Based on these calculations, EFSA concluded that the intended uses of imazalil in cucurbits with edible peel are acceptable with regard to consumer exposure. However, it has to be noted that the long‐term exposure calculation has to be considered as indicative only, due to the high degree of uncertainty associated with the pending full toxicological assessment of the plant metabolite R014821, which is expected to occur following post‐harvest uses of imazalil, and of the animal metabolites FK‐772 and FK‐284. Therefore, the conclusions presented under this section may need to be reconsidered in the future depending on the final outcome of the assessment of confirmatory data on citrus fruits, melons, liver (swine, bovine, equine) and kidney (swine, bovine, equine).

Furthermore, in the framework of the peer review, it was highlighted that metabolism studies did not investigate the possible impact of plant and animal metabolism on the isomer ratio of the active substance (EFSA, 2010). No data are currently available to address this point. Further investigation on this matter would in principle be required. It is noted that the EFSA guidance on the risk assessment of compounds that may have stereoisomers has been issued (EFSA, 2019c). EFSA would therefore recommend reconsidering this point in the framework of the peer review for the renewal of approval of the active substance.

For further details on the exposure calculations, a screenshot of the Report sheet of the PRIMo is presented in Appendix C.

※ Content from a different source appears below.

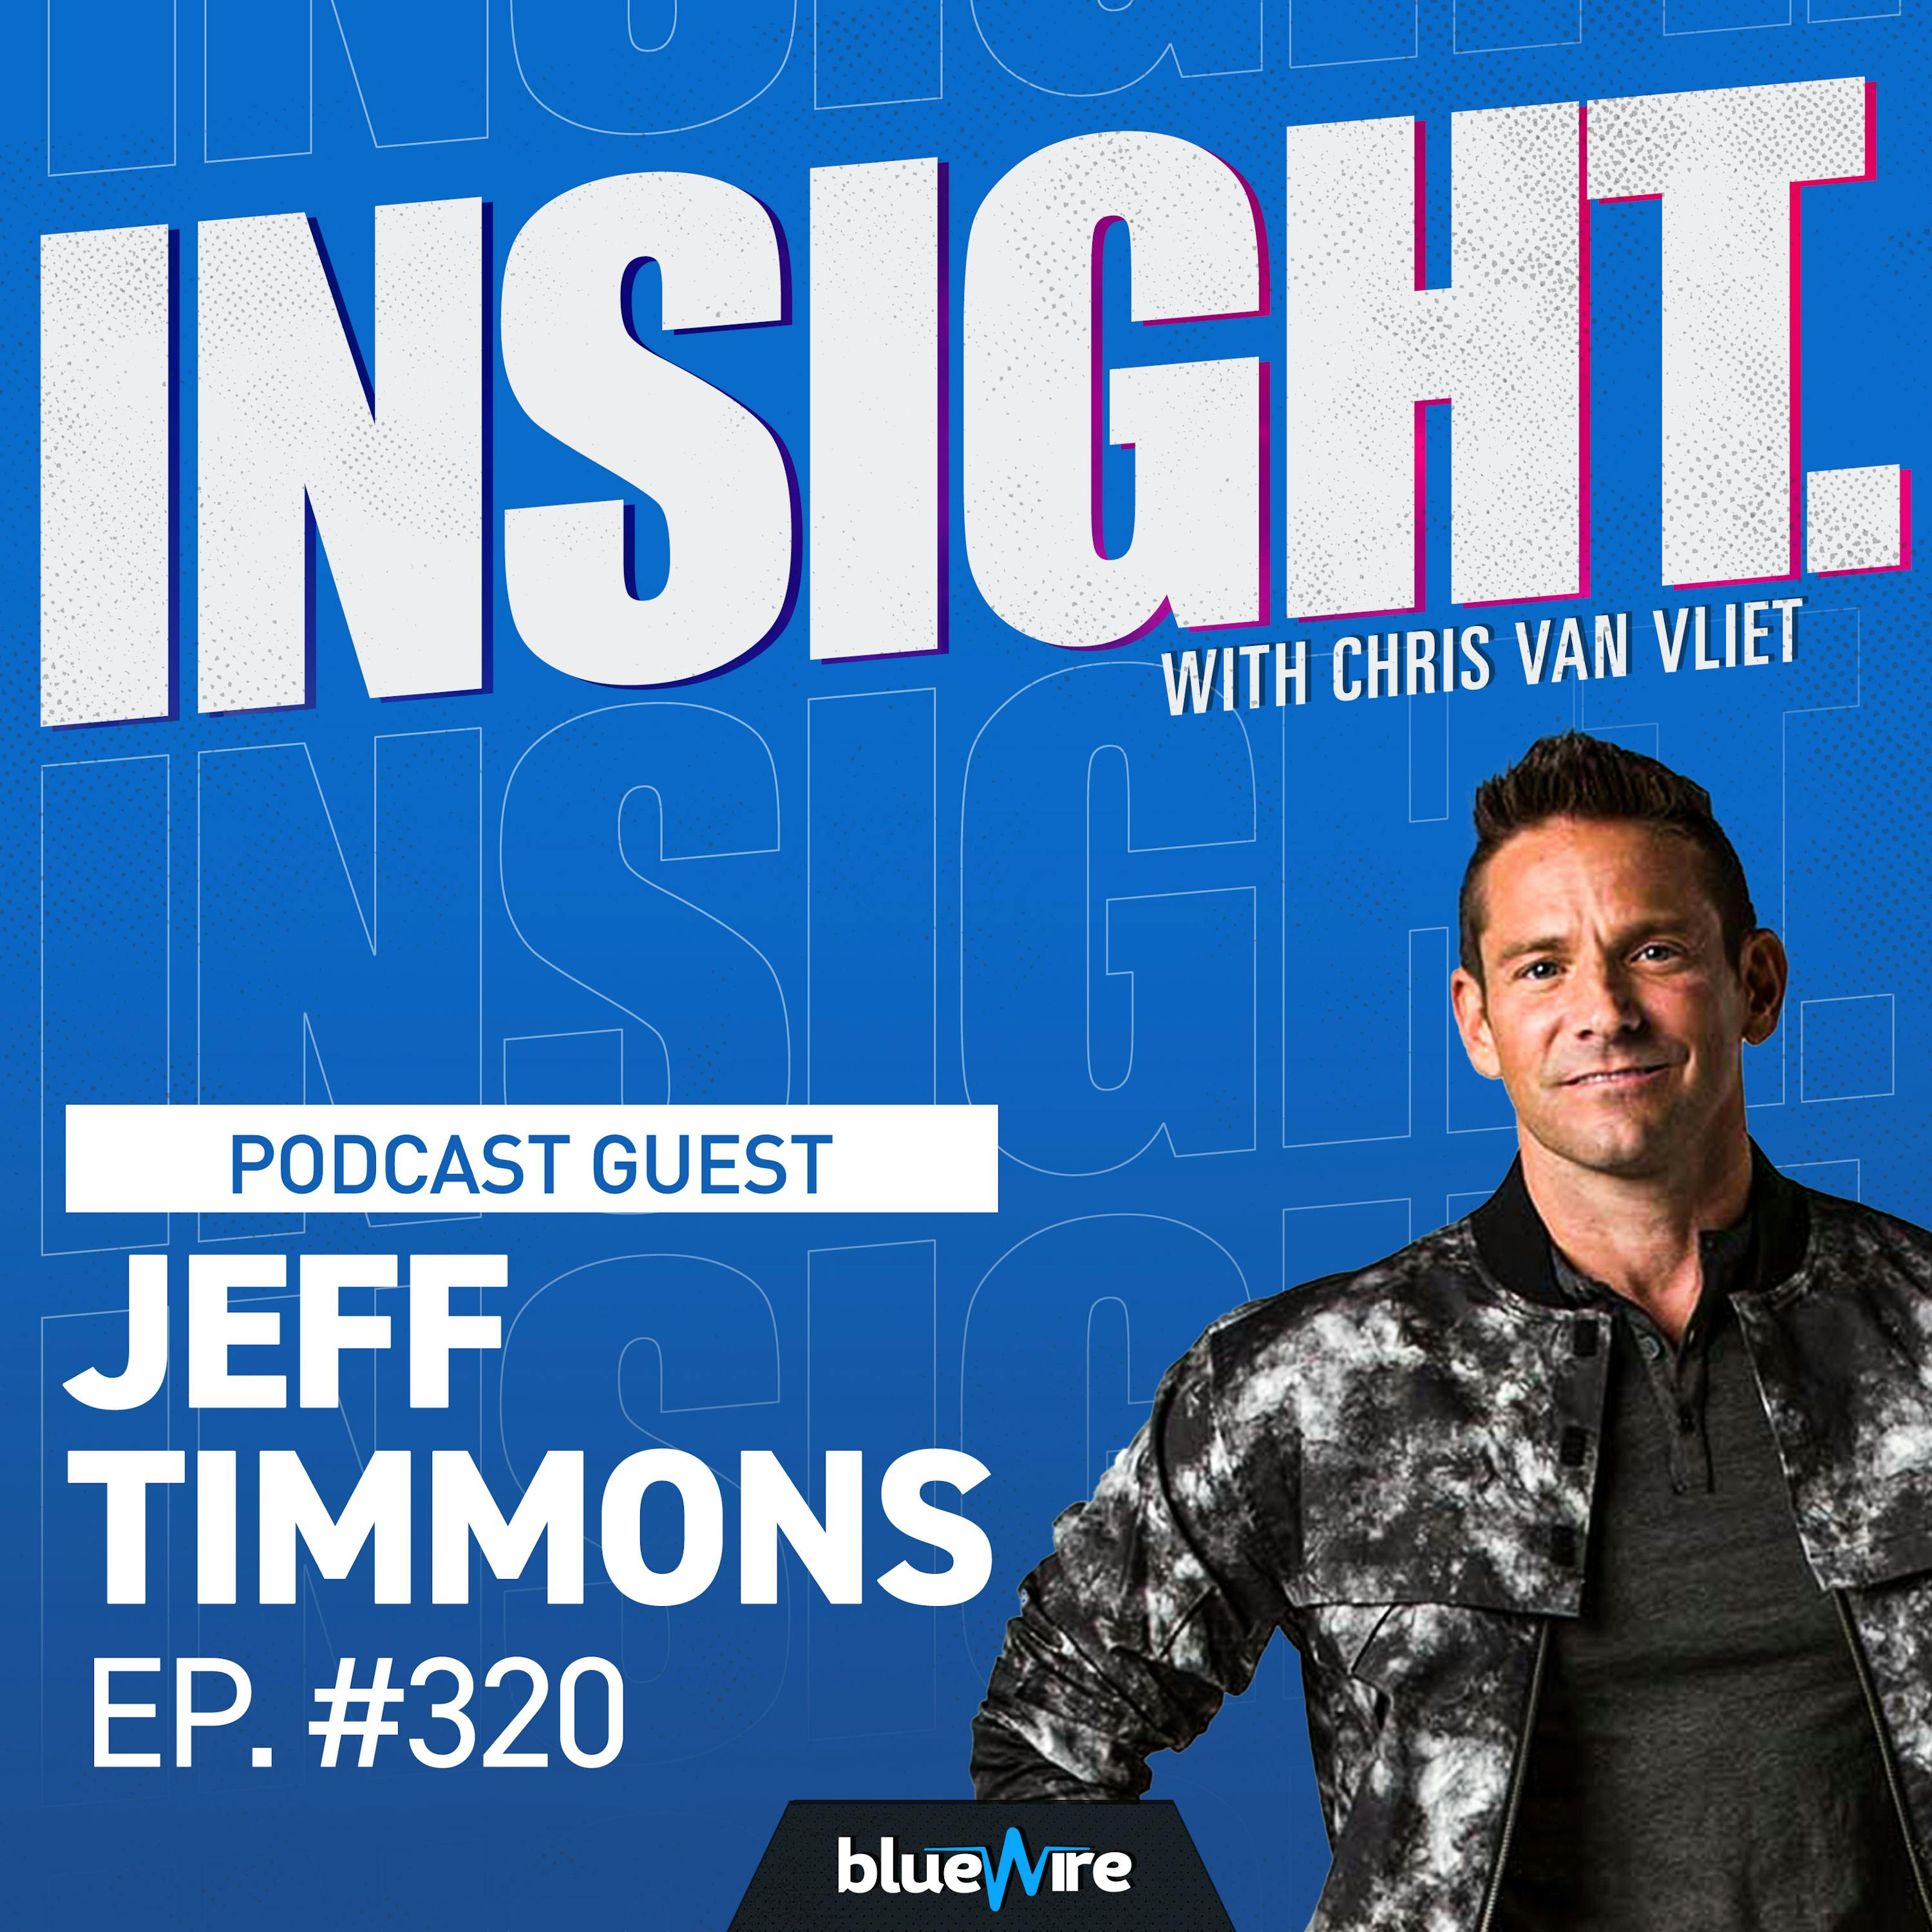 Jeff Timmons From 98 Degrees On The Power of Writing Down Goals And Why You Should DREAM BIG

4. Conclusion and Recommendations

The data submitted in support of this MRL application were found to be sufficient to derive an MRL proposal for cucurbits with edible peel.

EFSA highlights that the MRL proposal of 0.08 mg/kg is proposed to replace the tentative MRL of 0.1 mg/kg set for courgettes, thus also addressing the data gap identified in the framework of the MRL review for this commodity (EFSA, 2017, 2018c). The same MRL proposal is applicable to the whole group of cucurbits with edible peel. However, as regards to cucumbers and gherkins, it is noted that the existing MRLs of 0.5 mg/kg as set by EU Reg. 2020/856 cover the current MRL proposal of 0.08 mg/kg. Nevertheless, it is also noted that the aforementioned MRLs are based on CXLs which were withdrawn in 2019 following JMPR proposal (EFSA, 2019b). Should the withdrawal be implemented in the EU Regulation in the future, the proposed MRL of 0.08 mg/kg as derived in the current application would be considered an appropriate fall‐back option for the whole group of cucurbits with edible peel. Further risk management considerations are therefore required.

It was concluded that the proposed use of imazalil on the whole group of cucurbits with edible peel does not result in a consumer exposure exceeding the toxicological reference values and therefore is unlikely to pose a risk to consumers' health. However, it should be noted that the long‐term exposure calculation has to be considered as indicative only, due to the high degree of uncertainty associated with the data gaps identified in the context of the MRL review on full toxicological assessment of the plant metabolite R014821, which is expected to occur following post‐harvest uses of imazalil, and of the animal metabolites FK‐772 and FK‐284.

Furthermore, it is also highlighted that the possible impact of plant metabolism on the isomer ratio of the active substance was not investigated. Further investigation on this matter would in principle be required. EFSA would therefore recommend reconsidering this point in the framework of the peer review for the renewal of approval of the active substance.

In addition, it should be noted that data/information addressing the remaining data gaps identified in the context of the MRL review and implemented by the current regulation (Reg EC 2020/856) will be submitted and assessed in the context of the Confirmatory data application which is currently under consultation with EMS and Commission. Therefore, the outcomes of the current assessment may need to be reconsidered depending on the final outcome of the assessment of confirmatory data on citrus fruits, melons, liver (swine, bovine, equine) and kidney (swine, bovine, equine).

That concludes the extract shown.